I sat in a flat-bottomed boat, enjoying the soft melancholy Italian evening. Not a human did I see; nor had I encountered one on my slow voyage from the Middle Seas. In meditation I pondered the ultimate wisdom of Confucius and smiled at the folly of the white barbarians who had tried to show us a new god, a new religion. At last they, too, had succumbed like the nations before their era. The temple of Jupiter on the Capitol had fallen, so had the holy temple of Jerusalem. And now St. Peter's. Their central religion had been destroyed, and yet prophecies of the second coming of their divinity had not been accomplished. When the last Pope of Rome dies, so it was said, then time would be accomplished. The last Pope _had_ died. Their basilica with its mighty dome was a desert where scorpions and snakes abounded. The fifth Buddha would appear, not the second Christos. Suddenly I saw before me in a puny boat a beautiful beardless youth. He was attired in some symbolical garments and upon his head a triple tiara. I could not believe my aged eyes. He sat upright. His attitude was hieratic. His eyes were lifted heavenwards. He clasped his hands and prayed:--

"O Lord, remove thy servant. The time is at hand foretold by thy slaughtered saints. I am the last Pope and the humblest of thy servants. Though the heathen hath triumphed upon the earth, I go to thy bosom, for all things are now accomplished." And he tumbled forward, dead. The last Pope! I had seen him. Nothing could happen after that.
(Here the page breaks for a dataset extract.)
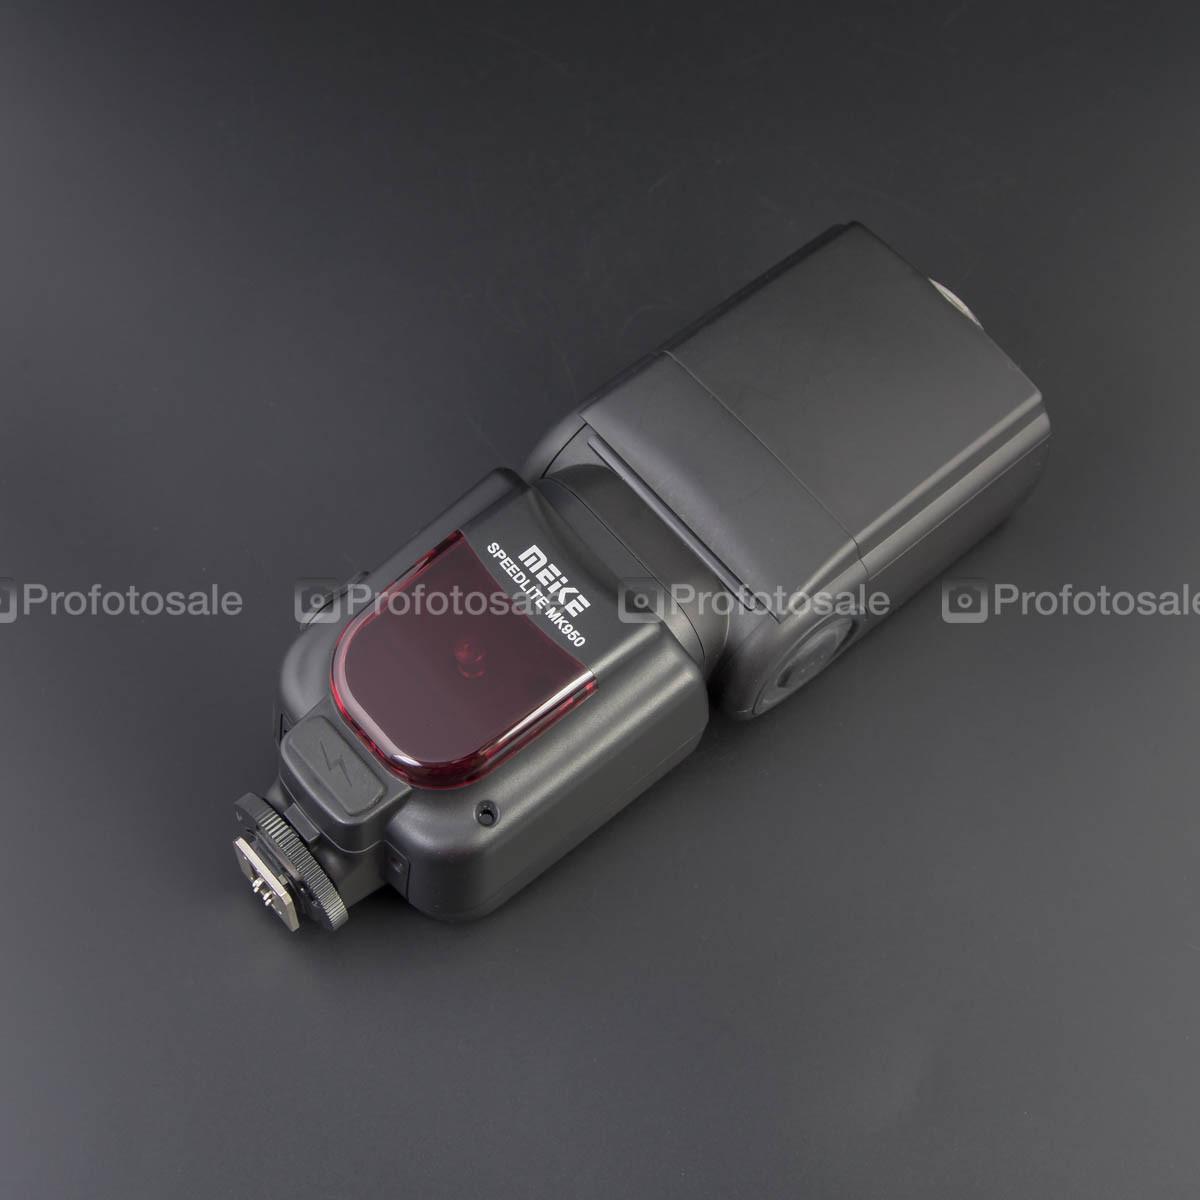 Фотовспышка Meke Speedlite MK950 для Canon

And as I turned my boat in the direction of the sea a moaning came upon the waters. The sky became as brass. A roar, like the rending asunder of the firmament, caused my soul to expand with horror and joy. Yes, time _was_ accomplished. The last Pope had uttered the truth. Eternity was nigh. But the Buddha would now prove to the multitudes awakened from their long sleep that _He_, not other gods, was the true, the only God. In a flare of light sounded the trumpets of destiny; eternity unrolled before me, and on the vast plain I saw the bones of the buried dead uniting, as men and women from time's beginnings arose in an army, the number whereof is unthinkable. And oh! abomination of desolation, the White Horse, not _Kalki_ the tenth incarnation of Vishnu, but the animal foretold in _their_ Apocalypse, came through the lightnings, and in the whirlwinds of flame and thunder I saw the shining face of Him, the Son of Man! Where our Buddha? Alas! the last Pope spake truth. I, Moâ the Bonze, tell you this ere it be too late to repent your sins and forswear your false gods. The Galilean is our master....

"_Farceur!_ Do you know what I would do with that accursed fan? I'd destroy it, sell it, get rid of it somehow. Or else--" Effinghame scrutinized the doctor, whose eyes were closed--"or else I would return to the pious practices of my old religion." No smile crossed the face of his friend as he firmly held the fighting fan, the iron and mystical fan of the _Samurai_.